I specifically did not detail output format instructions, to see what the default behavior is.

Models involvedModels involved

I selected the following (hosted) models:

claude-4.8-opus-xhigh - this is the baseline as I normally pass these type of analyses to Claude anyway
glm-5.2 - I used to use GLM as my backup LLM for a while now
qwen-3.7-plus - I toyed with using -max but I figured this should do
kimi-k2.7-coder - I simply wanted to know if Kimi finally got better at code, because it's been hit & miss in the past

ResultsResults

Model	Attempts	Cost	Complete	Correct	Clarity	Comment
Opus	`1`	26932	`+`	`+`	`+/-`	Even though I am used to it now, Opus has a peculiar jargon. It found all but one items
GLM	`1`	684	`++`	`+`	`+/-`	Found an item that no other model found, also not Opus; very verbose
Qwen	`1`	419	`-`	`+/-`	`+`	Missed 4 items, misclassified one, output readable / medium verbose
Kimi	`2`	2970	`-`	`-`	`+`	Missed 6 items, mentioned one but without recommendation, output very clear (doesn't understand that github is spookhub and tried endlessly to connect to github)

ConclusionsConclusions

GLM 5.2 really comes close to Claude output.
I'm going to switch next comparison to qwen-3.7-max instead of -plus.
I'm going to ditch Kimi, because failing on an agentic dispatch means you're not useful, it's much more expensive than the other models because it uses wayyy too many tokens.

Could stackers please suggest me another model than Kimi? No GPT, preferably recently released, and available through ppq.ai

0 replies \ @optimism OP 1h

Did additional tests with qwen-3.7-max, minimax-m3, deepseek-v4-pro.

The result table is now:

Model	Attempts	Cost	Complete	Correct	Clarity	Comment
Opus	`1`	26932	`+`	`+`	`+/-`	Even though I am used to it now, Opus has a peculiar jargon. It found all but one items
GLM	`1`	684	`++`	`+`	`+/-`	Found an item that no other model found, also not Opus; very verbose
Qwen (plus)	`1`	419	`-`	`+/-`	`+`	Missed 4 items, misclassified one, output readable / medium verbose
Kimi	`2`	2970	`-`	`-`	`+`	Missed 6 items, mentioned one but without recommendation, output very clear (doesn't understand that github is spookhub and tried endlessly to connect to github)
Qwen (max)	`2`	3576	`++`	`+`	`+`	Initially defaulted to GitHub and analyzed a GH issue instead. Found another item both Opus and GLM did not find after improved pointer to which issue to solve
Minimax	`1`	747	`-`	`+`	`+`	Missed 13 (!!!) items.
Deepseek	`1`	358	`+`	`+/-`	`+/-`	Proposes solutions for things that don't need fixing and keeps yapping about them. CHEAP!

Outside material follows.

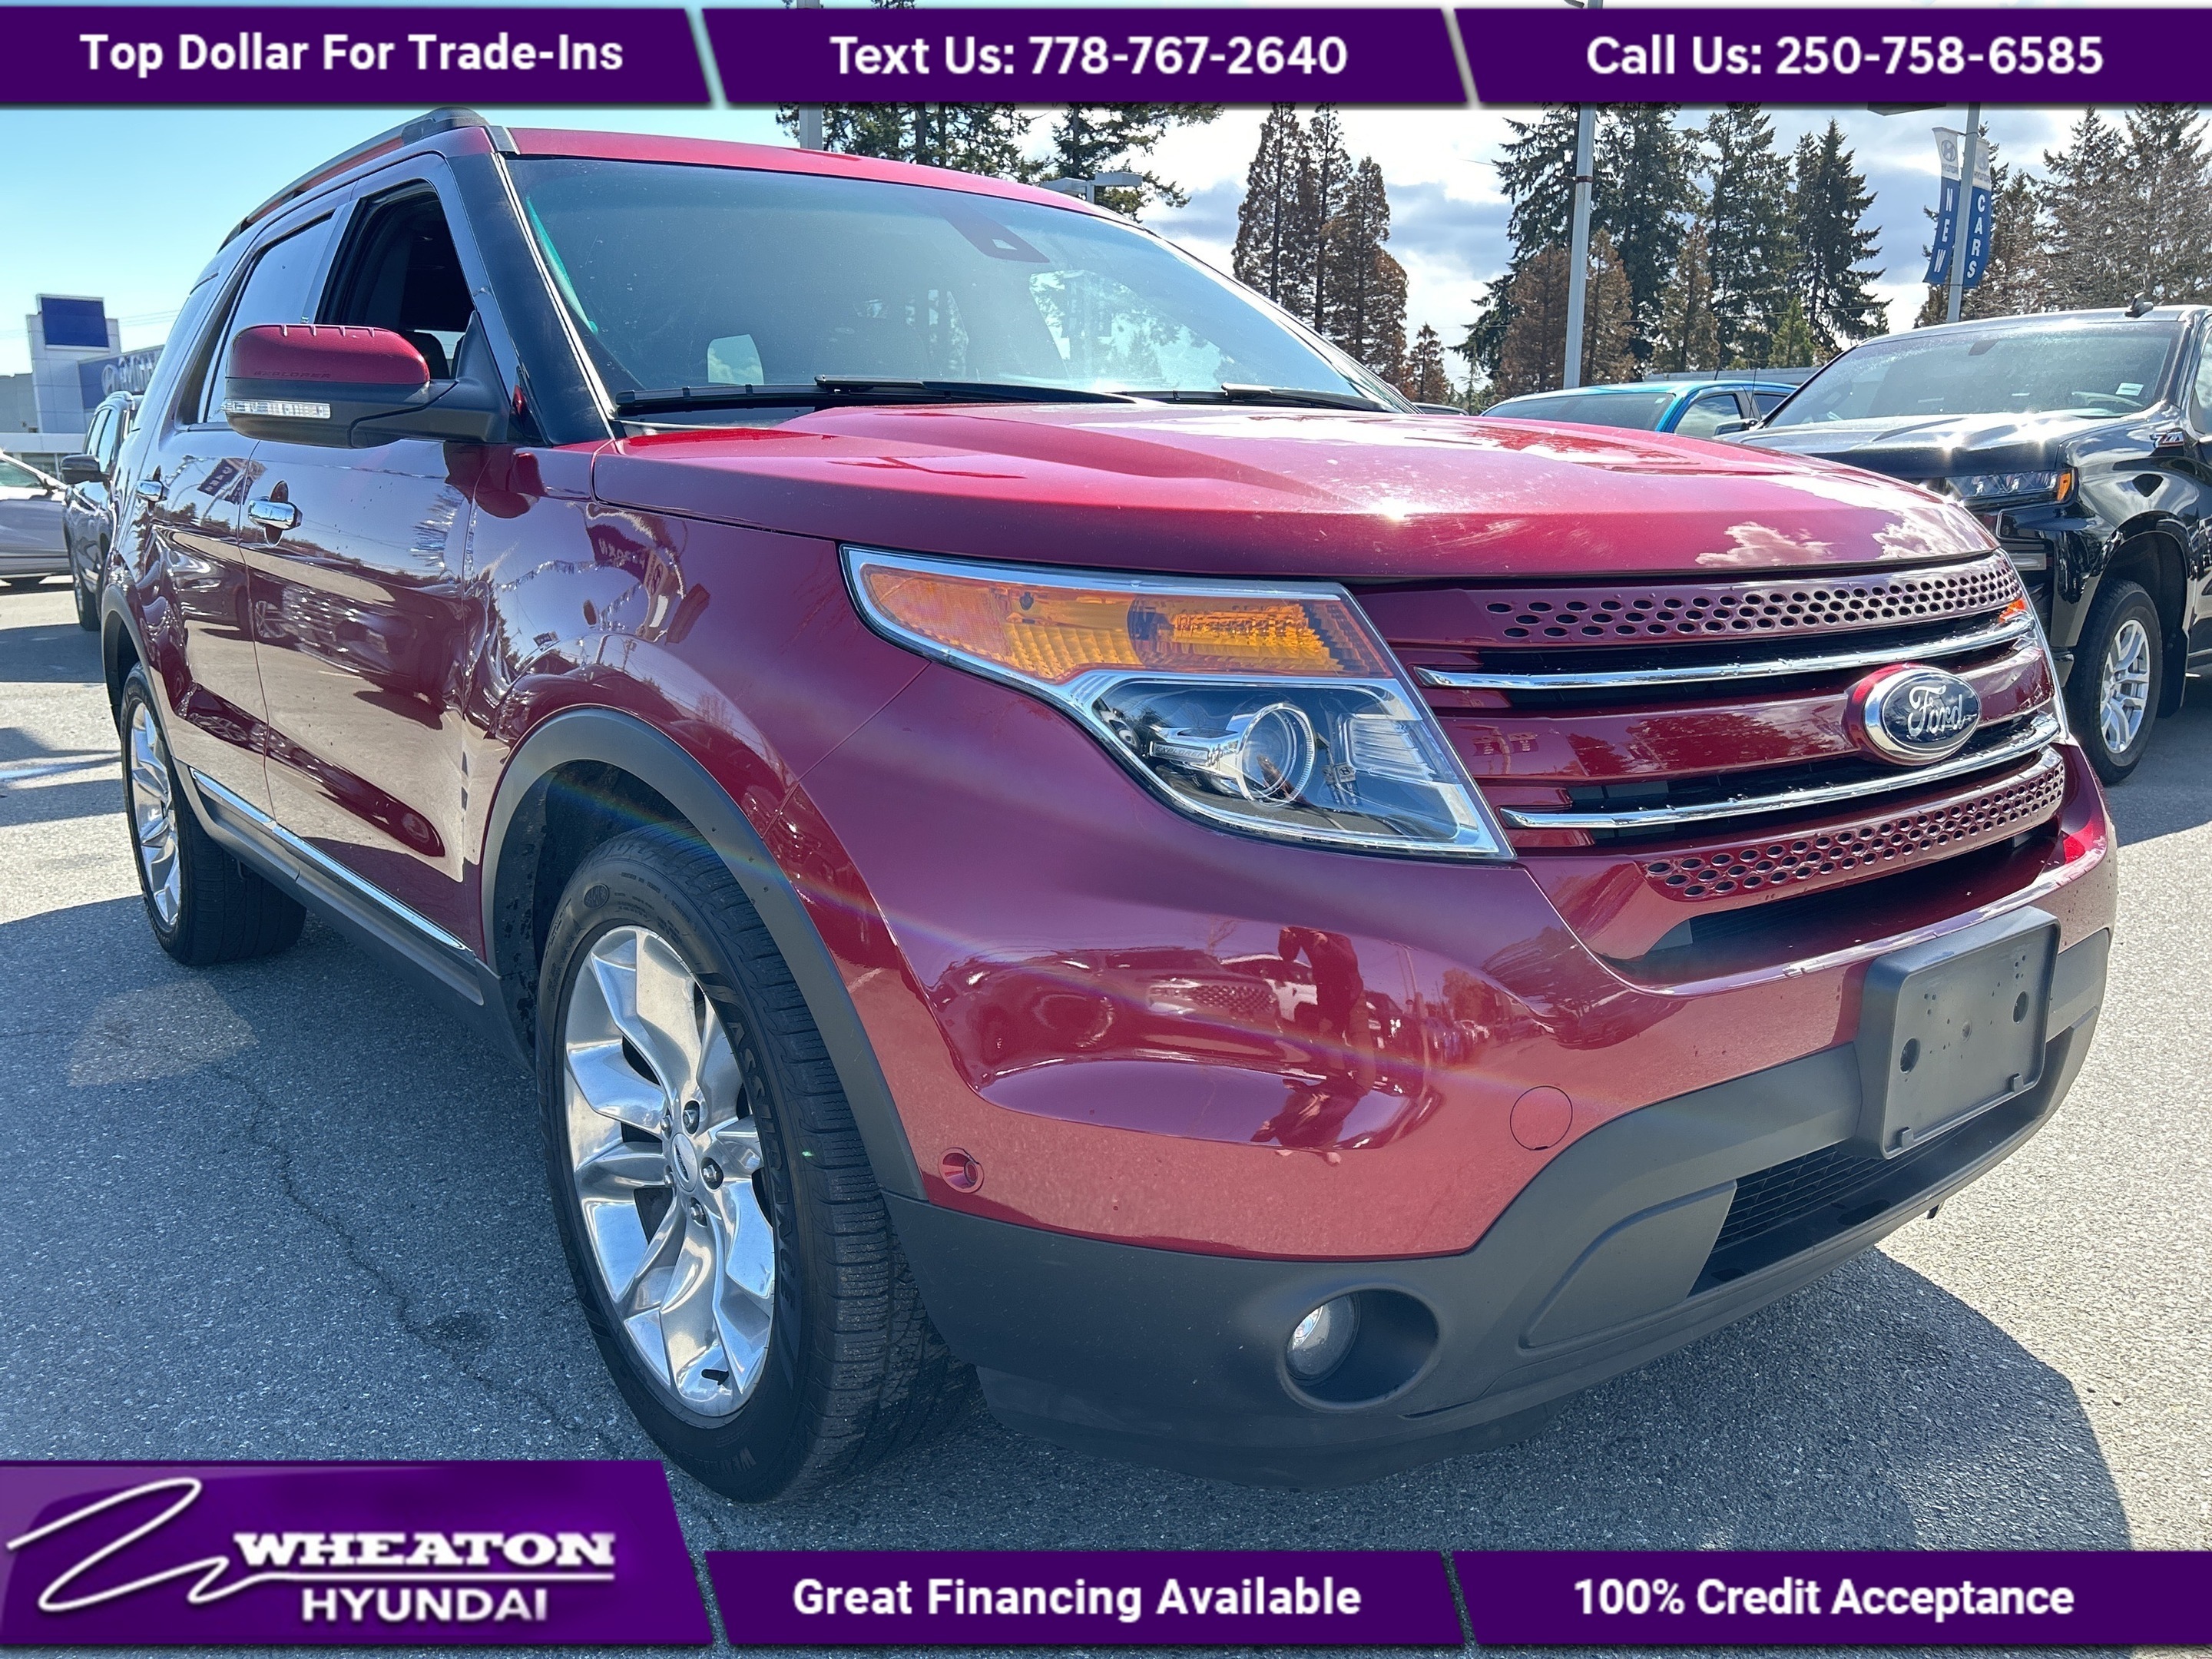 2014 Ford Explorer Limited, One Owner, Trade in, Navigation, Leather,

Conclusion after the additional tests:

qwen-3.7-max assumes too much. For future iterations I will (generically) tune the prompts a little bit.
minimax-m3 missed too much for it to be useful, especially because it's more expensive than GLM/Deepseek.
deepseek-v4-pro does have false positives, but low negative error rate and cheap. I'll keep this.

Next round will include:

claude-4.8-opus-xhigh
glm-5.2
qwen-3.7-max
deepseek-v4-pro

95 sats \ 0 replies \ @evestacker 14h -100 sats

Since you’re running agentic workflows through ppq.ai, you should throw DeepSeek-V4-Pro or Minimax-M3 into your next comparison run. Both are recent releases that punch way above their weight on complex repository context mapping without bleeding tokens like Kimi did. DeepSeek in particular has massive cost efficiency right now for raw code-analysis loops.